Bug #21603
closedNot recognizing subnet error returned as InvalidParameterValue
Description
Mar 18 03:53:48 ip-172-25-144-184 arvados-dispatch-cloud[283002]: {"ClusterID":"xxxxx","InstanceType":"r52xlarge.preemptible","PID":283002,"error":"InvalidParameterValue: Not enough free addresses in subnet subnet-0f83ca79\n\tstatus code: 400, request id: 6cbcffe1-5b77-4dee-8fbf-c20f67892c95","level":"error","msg":"create failed","time":"2024-03-18T03:53:48.927972989Z"}
This is a subnet-specific error (it should switch to the other subnet) but the current function won't recognize it as such:
func isErrorSubnetSpecific(err error) bool { aerr, ok := err.(awserr.Error) if !ok { return false } code := aerr.Code() return strings.Contains(code, "Subnet") || code == "InsufficientInstanceCapacity" || code == "InsufficientVolumeCapacity" || code == "Unsupported" }
Because the error was unrecognized, it seems the fallback behavior seems to be to rate limit itself by setting maximum concurrent containers.
Updated by Peter Amstutz 10 months ago
- Target version changed from Development 2024-03-27 sprint to Development 2024-04-10 sprint
Updated by Tom Clegg 10 months ago
See test case for links to AWS docs and some more variations on this.

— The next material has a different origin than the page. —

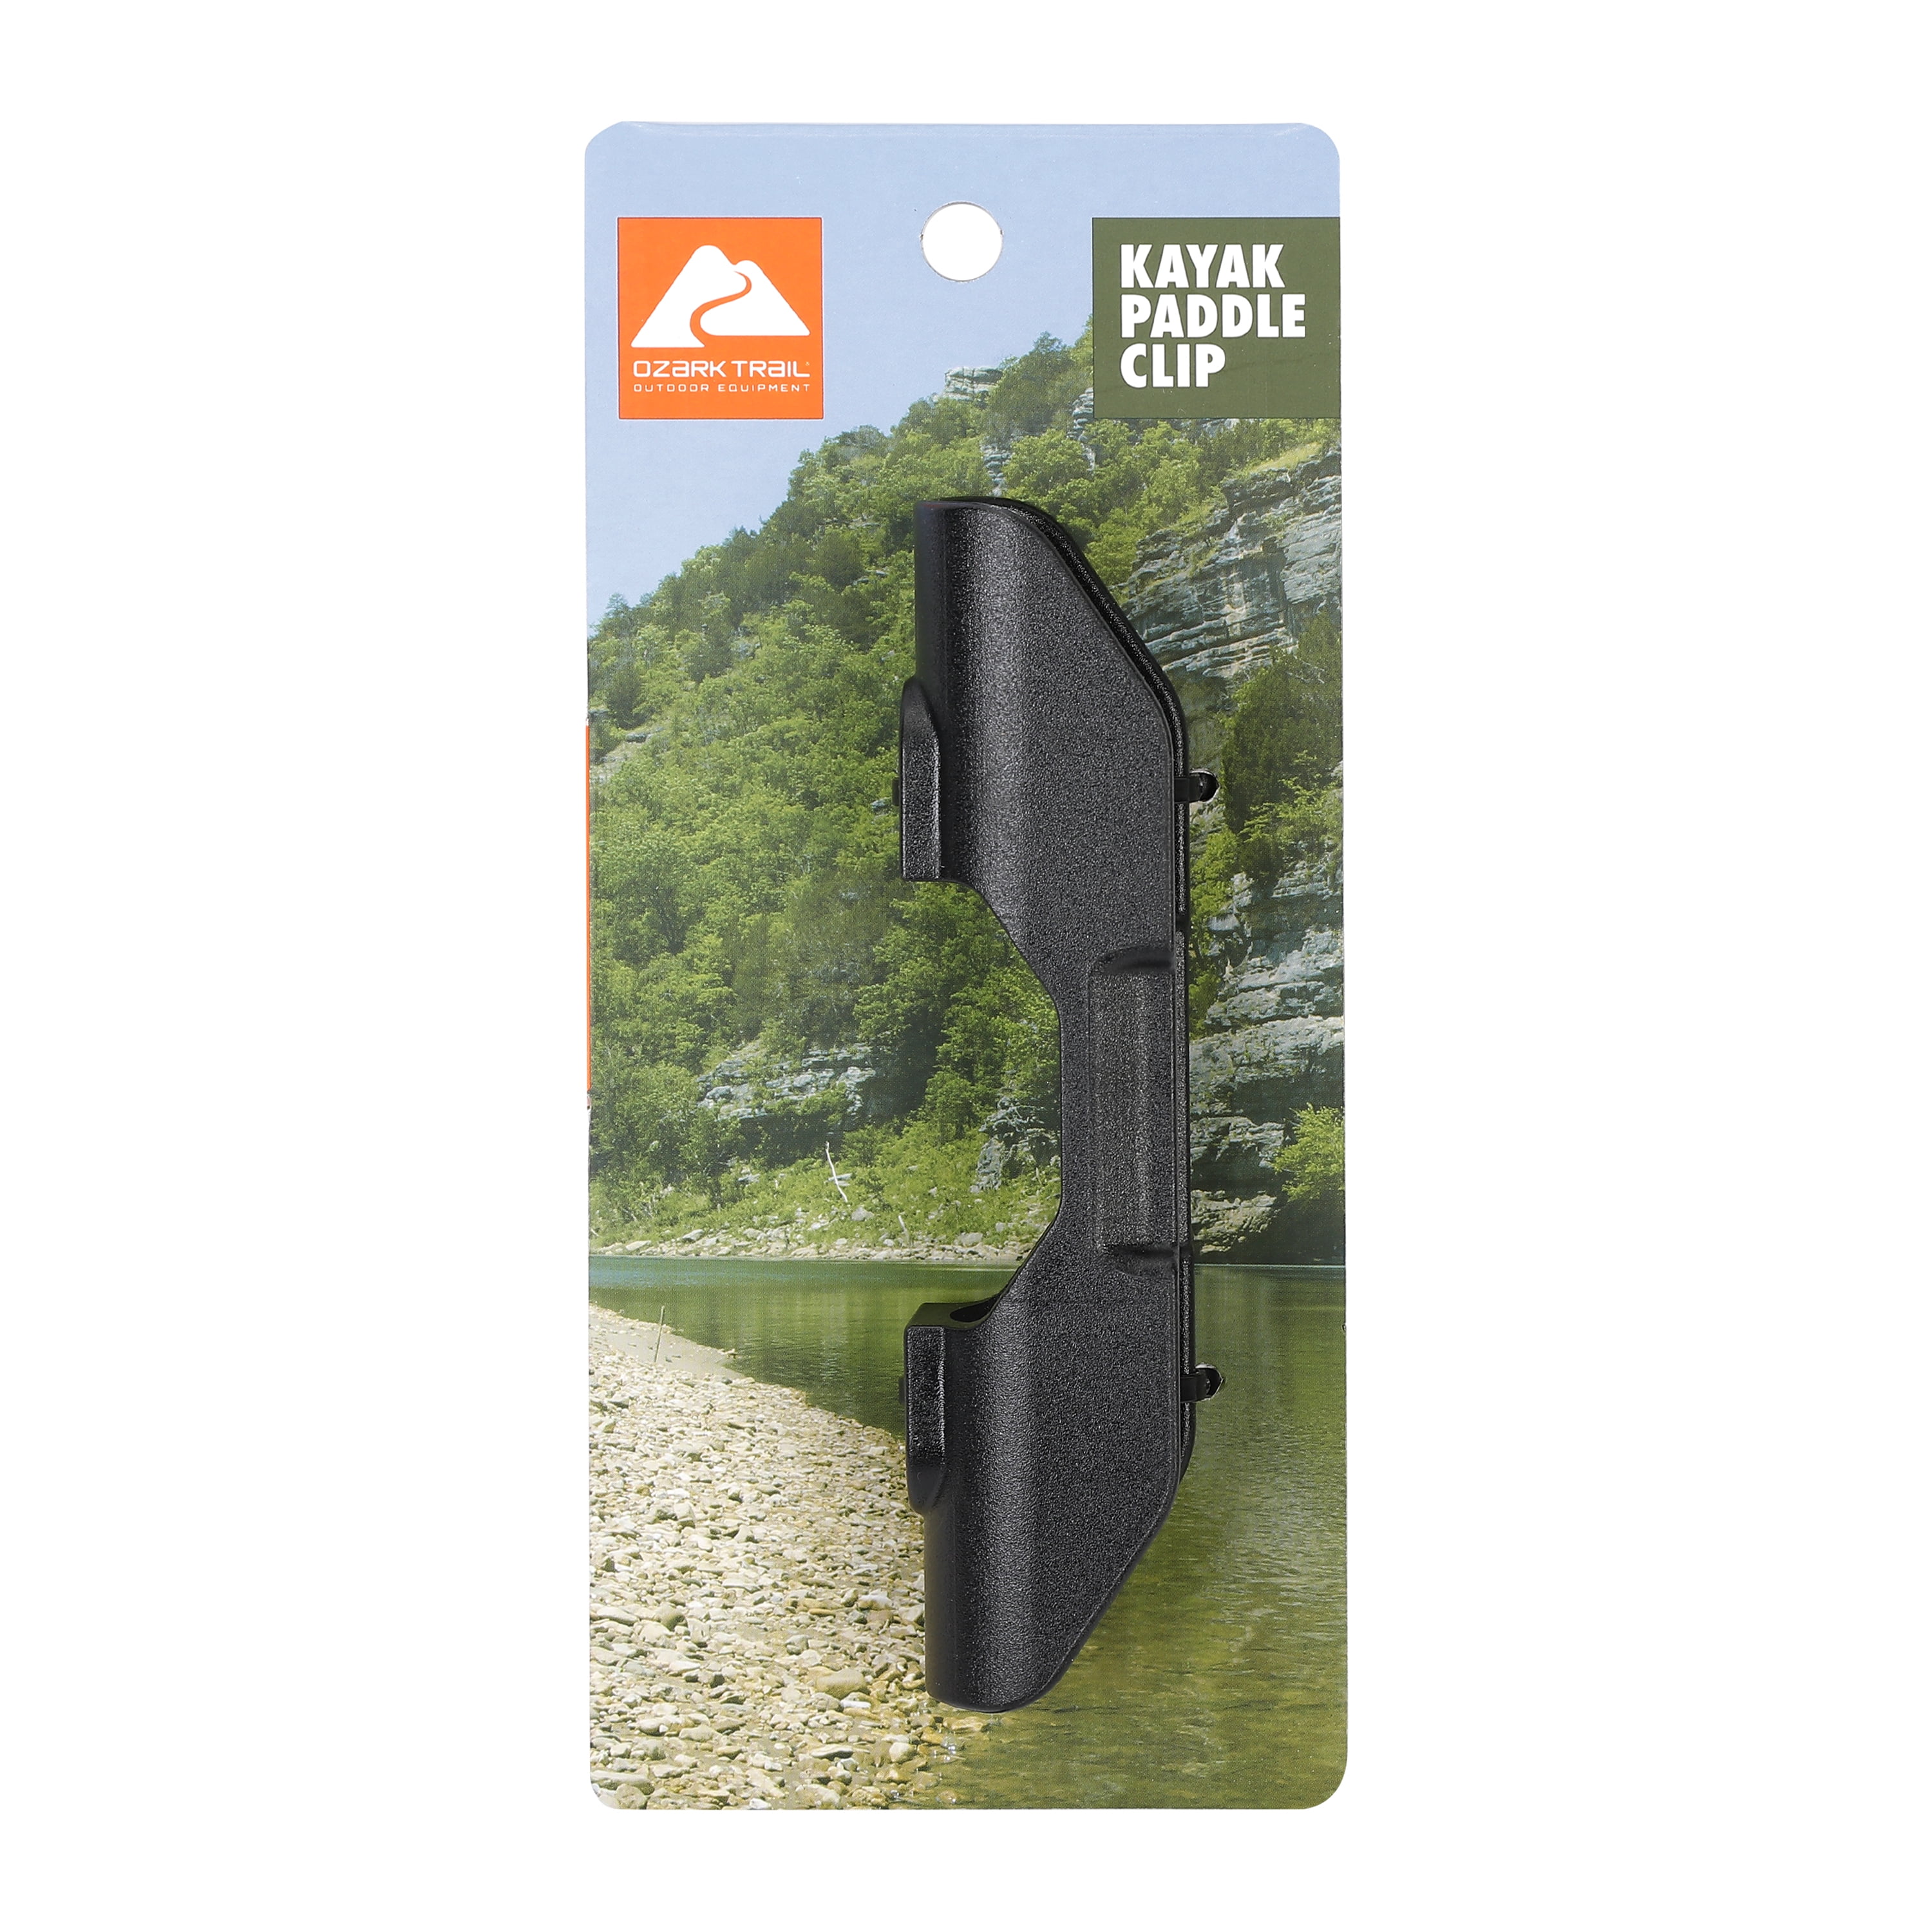 4 PACK Best Neon Green Universal Kayak Scupper Plug Kit Drain Hole   Accessories

21603-ec2-subnet-error @ b541c9d898d3dde983de2e0ea80a40e17d4c9b9f -- developer-run-tests: #4094
Updated by Peter Amstutz 10 months ago
Tom Clegg wrote in #note-6:
See test case for links to AWS docs and some more variations on this.
21603-ec2-subnet-error @ b541c9d898d3dde983de2e0ea80a40e17d4c9b9f -- developer-run-tests: #4094
LGTM
Updated by Peter Amstutz 10 months ago
Mar 20 13:11:09 ip-172-25-144-184 arvados-dispatch-cloud[408747]: {"ClusterID":"xxxxx","PID":408747,"SubnetID":"subnet-0f83ca79","error":"InsufficientFreeAddressesInSubnet: There are not enough free addresses in subnet 'subnet-0f83ca79' to satisfy the requested number of instances.\n\tstatus code: 400, request id: 74c87ca8-f432-4e2e-a81c-b73a25284a5f","level":"warning","msg":"RunInstances failed, trying next subnet","time":"2024-03-20T13:11:09.419626602Z"}
Now it's returning the expected error... This fix is still useful in case they screw it up again in the future.
Updated by Tom Clegg 10 months ago
- Status changed from In Progress to Resolved
Applied in changeset arvados|9d1ff3299a57d0e820bf7975f0f3e6080b22f0a5.